Lisseck v. Anderson, 167 Ill. App. 393 (1912)

Feb. 20, 1912 · Illinois Appellate Court · Gen. No. 16,173
167 Ill. App. 393

Aleck Lisseck, Defendant in Error, v. Christ Anderson, Plaintiff in Error.

Gen. No. 16,173.

Malicious prosecution—what essential to recover in action for. In actions of this character to be successful the plaintiff must establish by a preponderance of the evidence that the defendant acted without reasonable cause and was actuated by malice.

Error to the Municipal Court of Chicago; the Hon. McKenzie Cleland, Judge, presiding.

Heard in the Branch Appellate Court at the March term, 1910.

Reversed with a finding of fact.

Opinion filed February 20, 1912.

Auden, Latham & Young, for plaintiff in error; Charles Martin, of counsel.

George B. Cohen and John D. Clancy, for defendant in error.

Mr. Presiding Justice Baldwin

delivered the opinion of the court.

This case is before us upon a writ of error to reverse a judgment of the Municipal Court of Chicago in favor of Aleck Lisseek, defendant in error here, against Christ Anderson, plaintiff in error. The cause was one of the fourth class, and was tried by a court without a jury. It resulted in a finding and judgment for plaintiff for $100.

Plaintiff’s statement of claim was for damages for assault and battery upon him alleged to have been committed by defendant August 5, 1909. This statement was subsequently amended to include a charge of malicious prosecution of plaintiff by defendant without reasonable or probable cause on a charge of larceny and disorderly conduct. The trial was had on October 7, 1909, at which time the court found for the *394plaintiff in the sum of $100. A motion for a new trial was entered, which, upon the 16th of October, was denied, whereupon the court allowed plaintiff to amend his statement of claim, nunc pro tunc as of October 7th, so as to charge false imprisonment, in addition to the other alleged causes of action.

Various grounds of error are assigned and argued, among them being the alleged error on the part of the court in allowing an amendment after the cause had been tried, and in the admission and exclusion of evidence, but the error mainly relied upon is that the finding and judgment of the court below was wrong upon the merits. From the record it appears that Lisseck, who had formerly been employed by Anderson, came to the latter’s place of business on the 5th of August, 1909, to procure money alleged to be due him for services rendered Anderson. There had been some controversy as to the amount due, and «when Lisseck came, one Schreiber, a partner or employe of Anderson, contended that there was due Lisseck but fifty cents, while Lisseck claimed a much larger amount. The matter was adjusted between them upon the agreement that Lisseck should receive $4 and receipt therefor in full for all services. The money, with the receipt for Lisseck to sign, being produced, a quarrel or brawl followed, concerning which the testimony of the parties is directly opposed; Lisseck claiming that immediately upon receiving the money and the receipt which he was to sign, he was assaulted by Schreiber and struck several times by him and afterward by Anderson himself, and that he made a great outcry, shouting “Police! Murder! Police!” etc.; that both he and Anderson called for the police patrol, which came, and he and Anderson were both taken to the station, where one of the police officers swore out a complaint against him, charging disorderly'conduct; that he was detained about three hours, and on the following day was discharged. The testimony on be*395half of defendant was to the effect that when the $4, with the receipt which was to he signed, were tendered by Schreiber, Lisseck grabbed both the money and the receipt, and started to run, yelling at the top of his voice and calling a crowd about; that Anderson detained him until the police patrol arrived; that neither Schreiber nor Anderson struck or beat Lisseck in any manner, and that Anderson sought and aided in procuring the discharge of Lisseck on the day after the disturbance.

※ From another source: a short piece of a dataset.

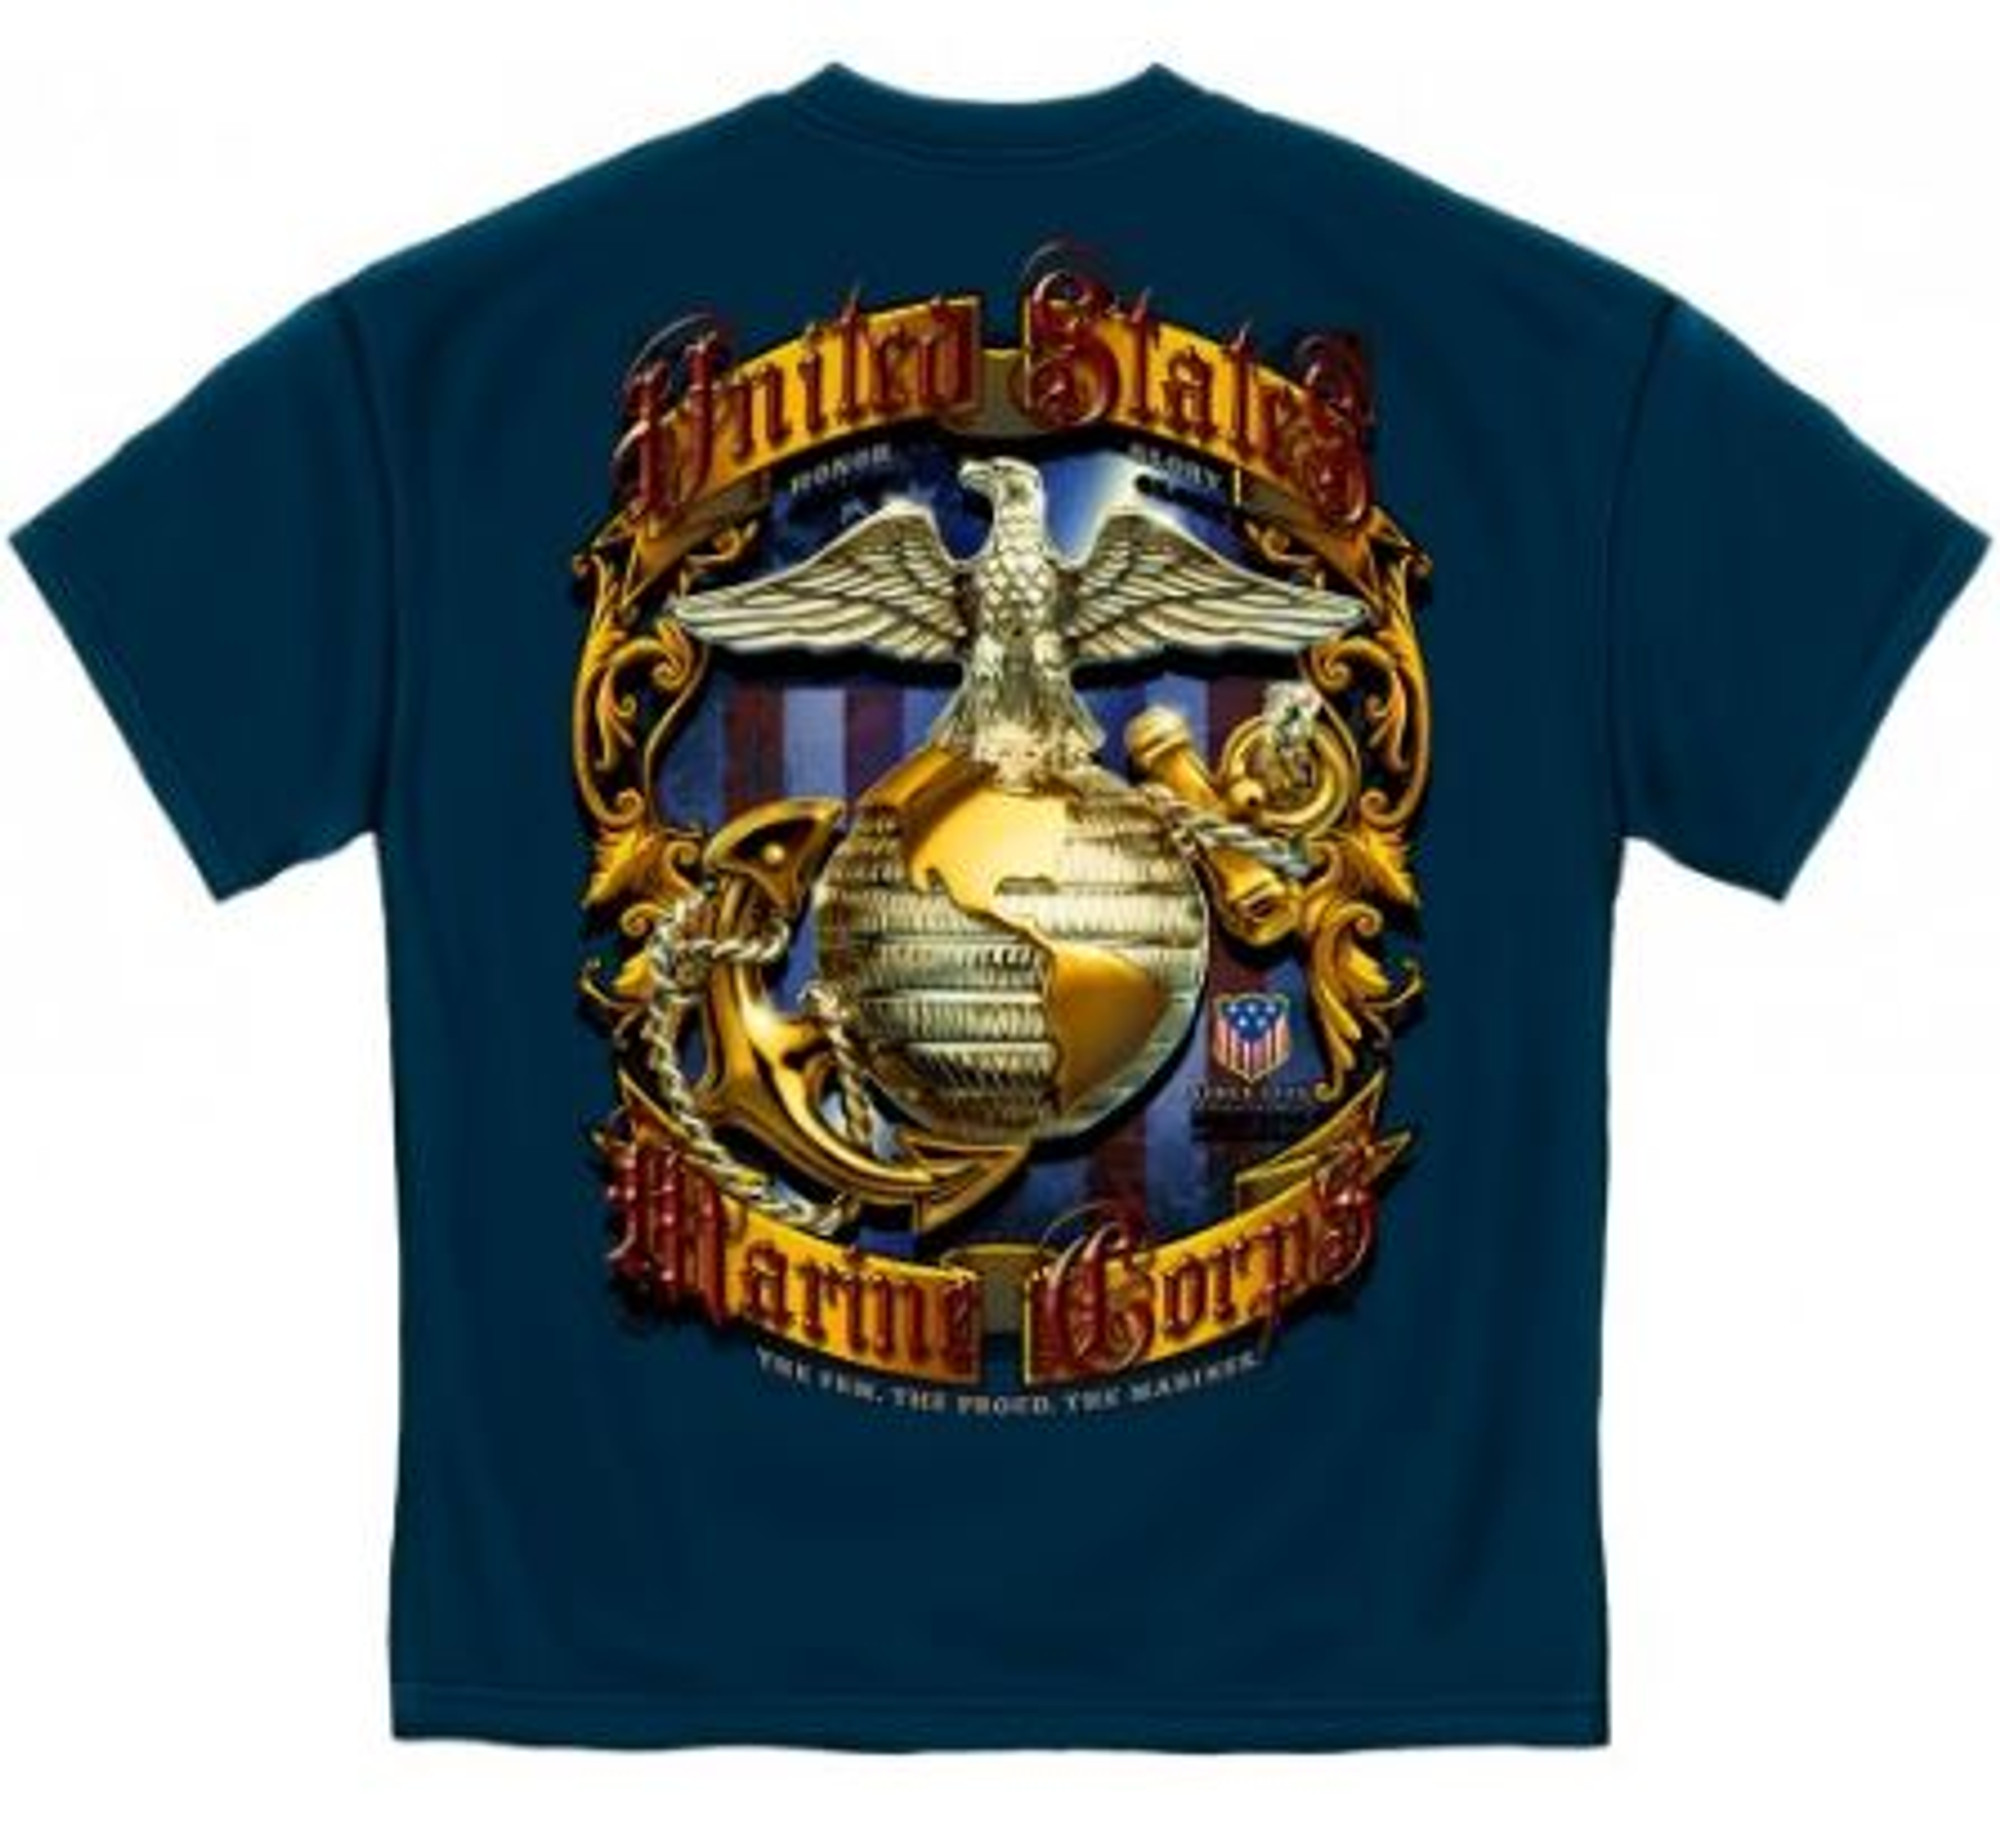 USMC "Traditional Foil" T-Shirt

We have carefully examined the testimony given before the court below, and in our opinion it entirely fails to show malice on the part of Anderson, or justify the finding and judgment of the court. No useful purpose would be subserved by setting out in detail the testimony, or the remarks of the court in passing upon the case. We think the court misconceived the situation and reached a wrong conclusion upon the facts before it and the law applicable thereto. The testimony of the plaintiff himself was in some respects inconsistent and incoherent, and his corroboration was very slight; indeed, he was directly contradicted by his own witnesses as to some material circumstances. Lisseck’s own attorney testified in his behalf. This was manifestly improper and particularly since it involved a statement by such attorney as to what he had been told by his own client.

It is familiar law that, in actions of this character, to be successful the plaintiff must establish by a preponderance of the evidence that the defendant acted without probable cause, and was actuated by malice, and this, we think, this record entirely fails to establish. It follows, therefore, that the judgment of the court below was wrong and must be reversed; and, as we are clearly of the opinion from the record in this case that the testimony entirely fails to justify the claim that the defendant acted maliciously and without probable cause, the case will not be remanded, but *396judgment entered here in favor of plaintiff in error.

Judgment reversed with a finding of fact.